Anne McIntosh, chair of the Environment, Food and Rural Affairs Committee, was speaking in the wake of the death of Jade Anderson, 14.
She was attacked by "out of control" dogs at a house in Greater Manchester.
The Department for Environment, Food and Rural Affairs (Defra) said it was looking to introduce new legislation as quickly as possible.
'Law change needed'
Five children and an adult have been killed by dogs on private property since 2007, and Defra estimates about 210,000 people are attacked by dogs in England every year.
Miss McIntosh said it was too early to say what had happened in the case of Jade Anderson, but said the law in England needed to cover the control of dogs on private property.
The Conservative MP said it should be an offence to train a dog to behave aggressively.
"It's not so much the breed of the dog as the way that that particular animal is taught to behave," she said.
"And whereas the law in Scotland and Northern Ireland would permit this offence to feel the full effects of the law - because it took place in private property - we're not quite there yet in English law, and I do urge the government to come forward with these proposals as a matter now of utmost urgency."
'Too many tragedies'
Jade's MP Julie Hilling, who lives near to the scene of the incident, said her party, Labour, had been pressing for new legislation since a government consultation on dangerous dogs in 2010.
Ms Hilling said: "There have been too many tragedies with dogs, and we've got to take some action."
Jade Anderson was found alone with five of the animals at a house she was visiting in Chaucer Grove, Atherton, Wigan, on Tuesday afternoon.

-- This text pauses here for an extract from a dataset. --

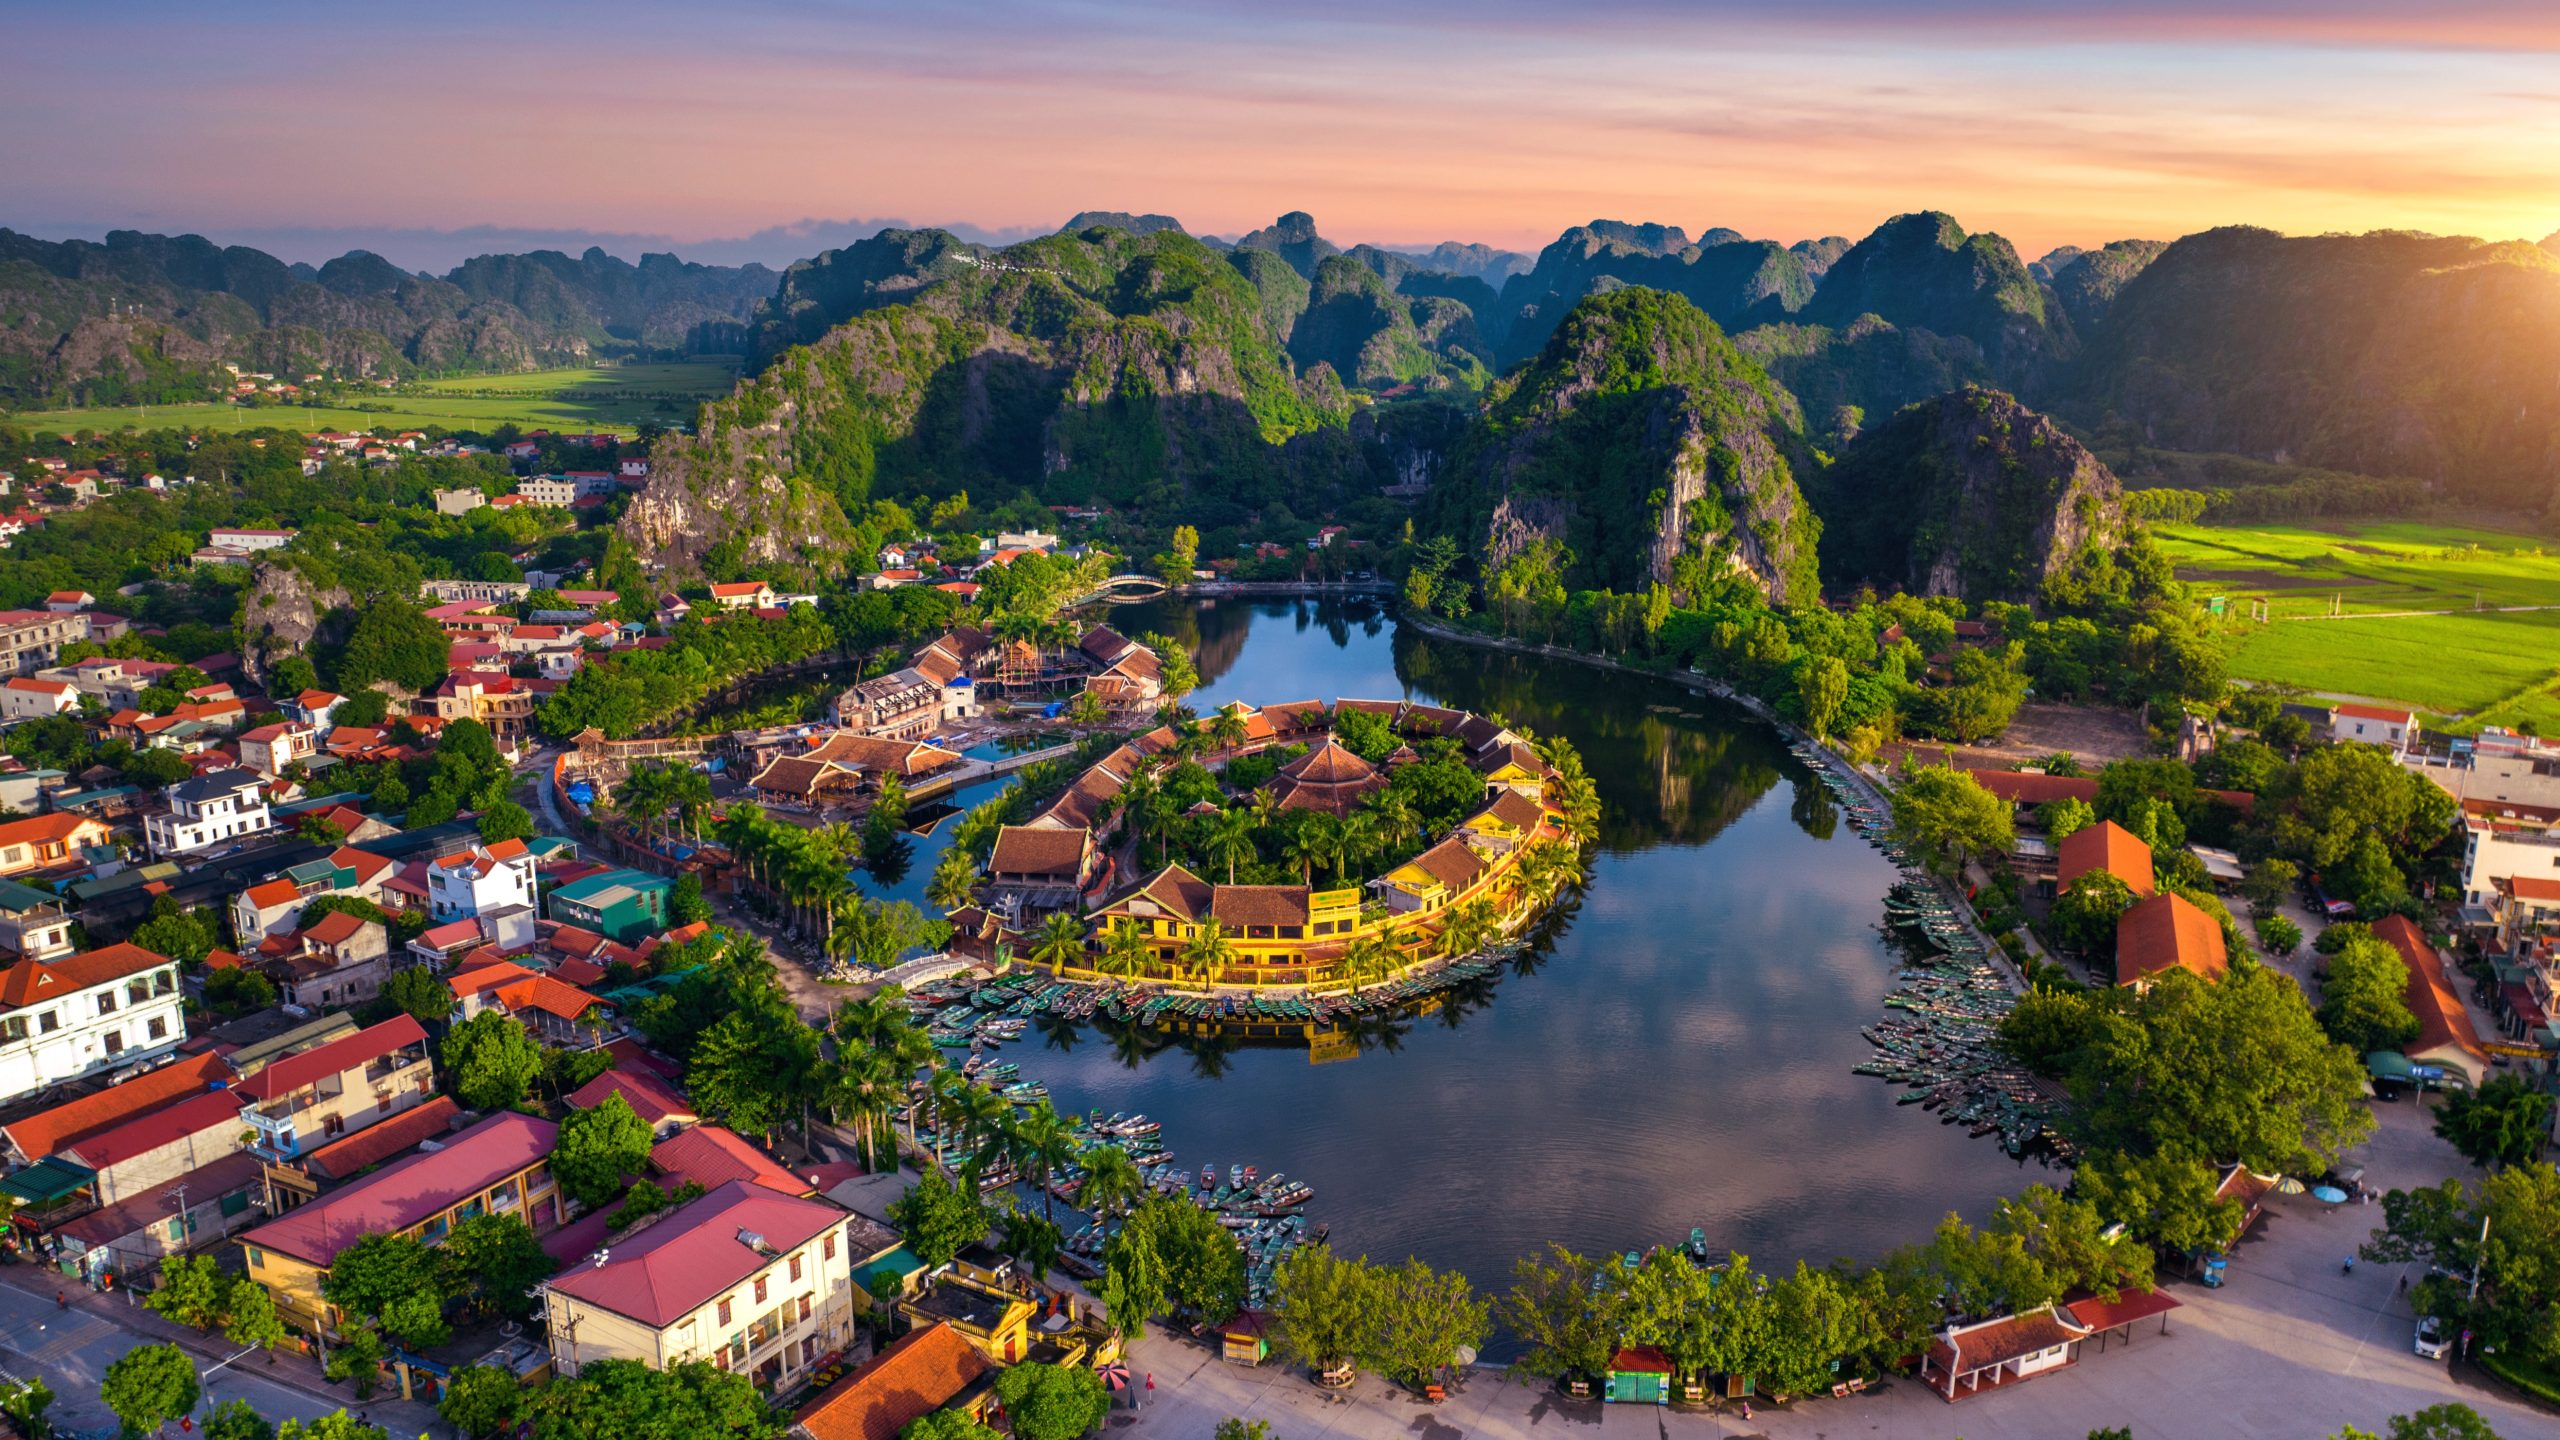 Aerial view of Tam coc at sunrise in Vietnam.

Police said armed officers destroyed four dogs and contained a fifth.
Four dogs, believed to be two bull mastiffs and two Staffordshire bull terriers, were shot by police marksmen.
A Defra spokesperson said: "Dog owners must keep their dogs under control. Police and local authorities already have powers to deal with irresponsible dog owners and dangerous dogs.
"Last month the Government announced that the law is being changed to cover attacks on private property."